The PyPI distribution name is gmail-llm-cleanup (the obvious gmail-cleanup-agent name is already taken on PyPI by an unrelated project). The Python import name (gmail_cleanup) and console script (gmail-cleanup) are unaffected:

pipx install gmail-llm-cleanup
gmail-cleanup --help            # binary on PATH
python -c "import gmail_cleanup" # import as a library

For the PyPI and Docker paths, the CLI looks for config/ in your current working directory by default. Override with GMAIL_CLEANUP_CONFIG_DIR=/path/to/config.

Quick start — local LLM

You need Python 3.11+ and a local LLM server. Pick one:

Option A: Ollama

# 1. Install Ollama from https://ollama.ai, then pull a model
ollama pull qwen3:8b              # 5 GB, runs on most modern GPUs
# or, larger / smarter:
ollama pull qwen3.6:35b-a3b       # 15 GB, needs 16+ GB VRAM, much better quality

# 2. Make sure Ollama is serving (default: localhost:11434)
ollama serve &   # or run `ollama` as a system service

# 3. Install this tool
git clone https://github.com/brosequist/gmail-cleanup-agent
cd gmail-cleanup-agent
python -m venv .venv && source .venv/bin/activate
pip install -e .

# 4. Configure — copy the template and uncomment the Ollama section
cp config/backend.env.example config/backend.env
# edit config/backend.env: uncomment GCA_BACKEND / OLLAMA_HOST / OLLAMA_MODEL
# (you can leave the other backend sections commented out)

pip install -e . registers a gmail-cleanup console script and makes python -m gmail_cleanup ... work from any directory. The two are interchangeable in the rest of this README.

config/backend.env is loaded automatically every time you run python -m gmail_cleanup .... Shell-exported env vars still override what's in the file, so one-off overrides (e.g. OLLAMA_MODEL=qwen3.6:35b-a3b python -m gmail_cleanup classify ...) work without editing the file.

Option B: LM Studio

# 1. Install LM Studio from https://lmstudio.ai, download a model
#    inside it (Qwen 2.5 7B Instruct or Qwen 3 8B both work great),
#    then start its local server (Developer tab → Start Server).
#    Default URL: http://localhost:1234

# 2. Install this tool (same as above), with the openai extra
git clone https://github.com/brosequist/gmail-cleanup-agent
cd gmail-cleanup-agent
python -m venv .venv && source .venv/bin/activate
pip install -e '.[openai]'    # base deps + openai SDK for the
                              # OpenAI-compatible client

# 3. Configure — LM Studio speaks the OpenAI wire format
cp config/backend.env.example config/backend.env
# edit config/backend.env: uncomment the "OpenAI-compatible" block and set
#   OPENAI_BASE_URL=http://localhost:1234/v1
#   OPENAI_API_KEY=not-needed             # placeholder; LM Studio doesn't check
#   OPENAI_MODEL=qwen2.5-7b-instruct      # exact id from LM Studio's Server tab

The same GCA_BACKEND=openai setup also works with llama.cpp's server binary, vLLM, and Ollama's /v1 OpenAI shim — point OPENAI_BASE_URL accordingly.

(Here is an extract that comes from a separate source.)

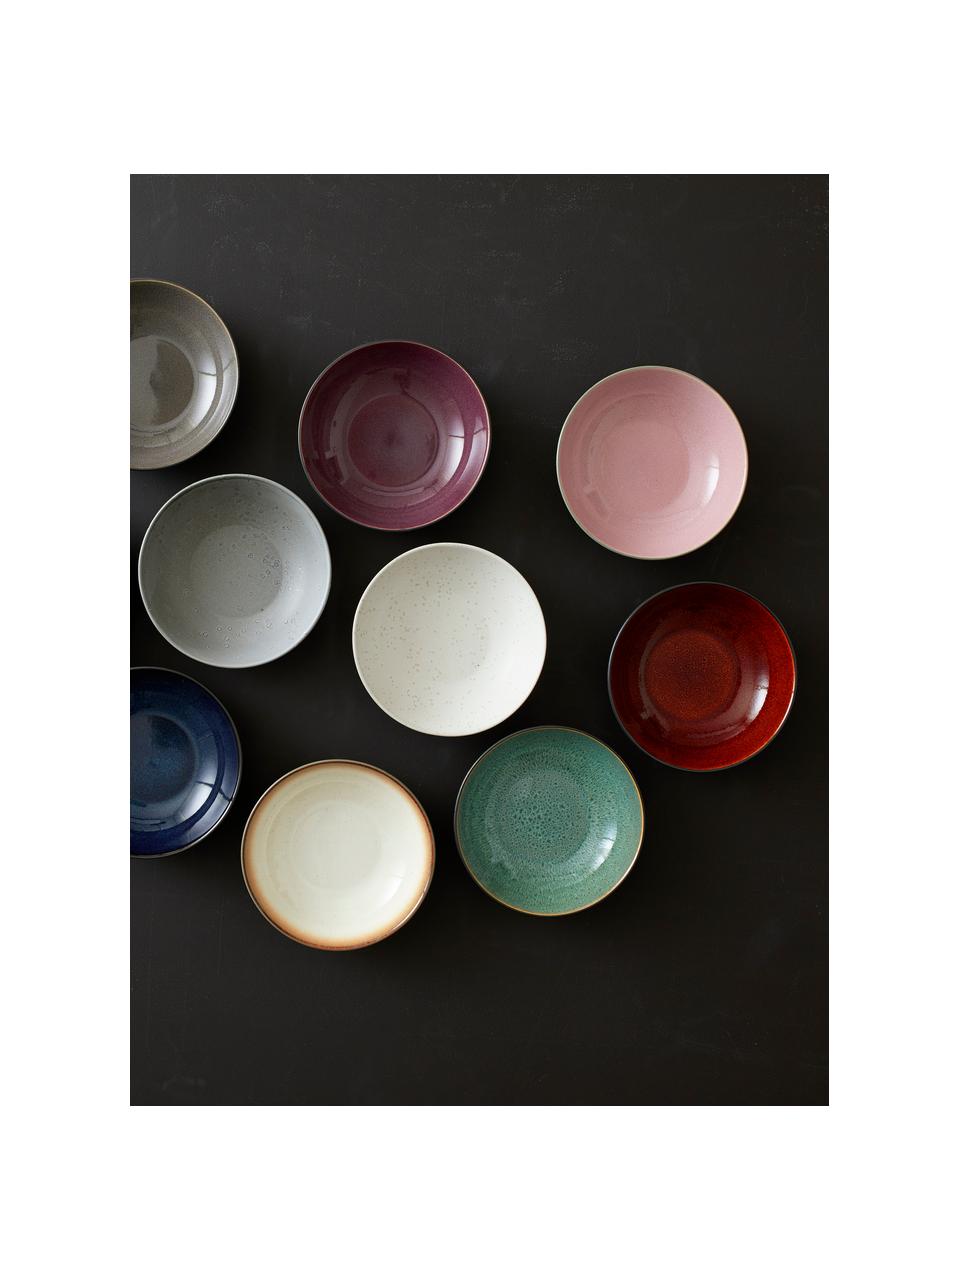 Soepbord Gastro van keramiek in zwart/groen, Ø 20 cm, 2 stuks, Keramiek, Zwart, groen, goudkleurig, Ø 20 x H 6 cm

If you're using llama.cpp's llama-server, there are a few sharp edges worth knowing about — sampling configs that work great for chat actively break verbatim-reproduction tasks like this one, reasoning models (Qwen3, DeepSeek-R1, ...) need OPENAI_DISABLE_THINKING=1, and --parallel N on a single GPU typically slows things down. See docs/llama-server-setup.md for the full set of gotchas.

If your backend runs in Kubernetes or behind an SSH tunnel, the CLI can launch the port-forward / tunnel command for you and clean it up on exit — see the PRE_RUN_COMMAND block in config/backend.env.example. Useful to avoid the kubectl port-forward -n ollama svc/ollama 11434:11434 & ritual before every run.

Quick start — cloud LLM (faster, costs money)

# Install the SDK for whichever provider you're using
pip install -e '.[claude]'    # for Claude
# or
pip install -e '.[openai]'    # for real OpenAI

# Configure via the env file
cp config/backend.env.example config/backend.env

Then edit config/backend.env and uncomment the Anthropic Claude section (set ANTHROPIC_API_KEY + CLAUDE_MODEL) or the OpenAI-compatible section pointed at real OpenAI (set OPENAI_API_KEY to your real key + OPENAI_MODEL=gpt-4o-mini or gpt-4.1-mini). Leave OPENAI_BASE_URL at the default (or unset) to hit api.openai.com.

Set up OAuth + run

# 1. One-time: create Google OAuth credentials (see docs/oauth-setup.md)
#    Save the JSON as config/credentials.json.

# 2. Configure your label catalog and classification rules
cp config/labels.example.yaml config/labels.yaml
cp config/rules.example.md config/rules.md
cp config/whitelist.example.txt config/whitelist.txt
# Edit each to match your priorities.

# 3. Authorize the tool against your Gmail account (browser pops once)
python -m gmail_cleanup auth

# 4. Dry-run on a small sample to sanity-check
python -m gmail_cleanup classify \
  --query "older_than:90d -has:userlabels" \
  --limit 100 --dry-run
# Review dry-run.log — every decision is recorded.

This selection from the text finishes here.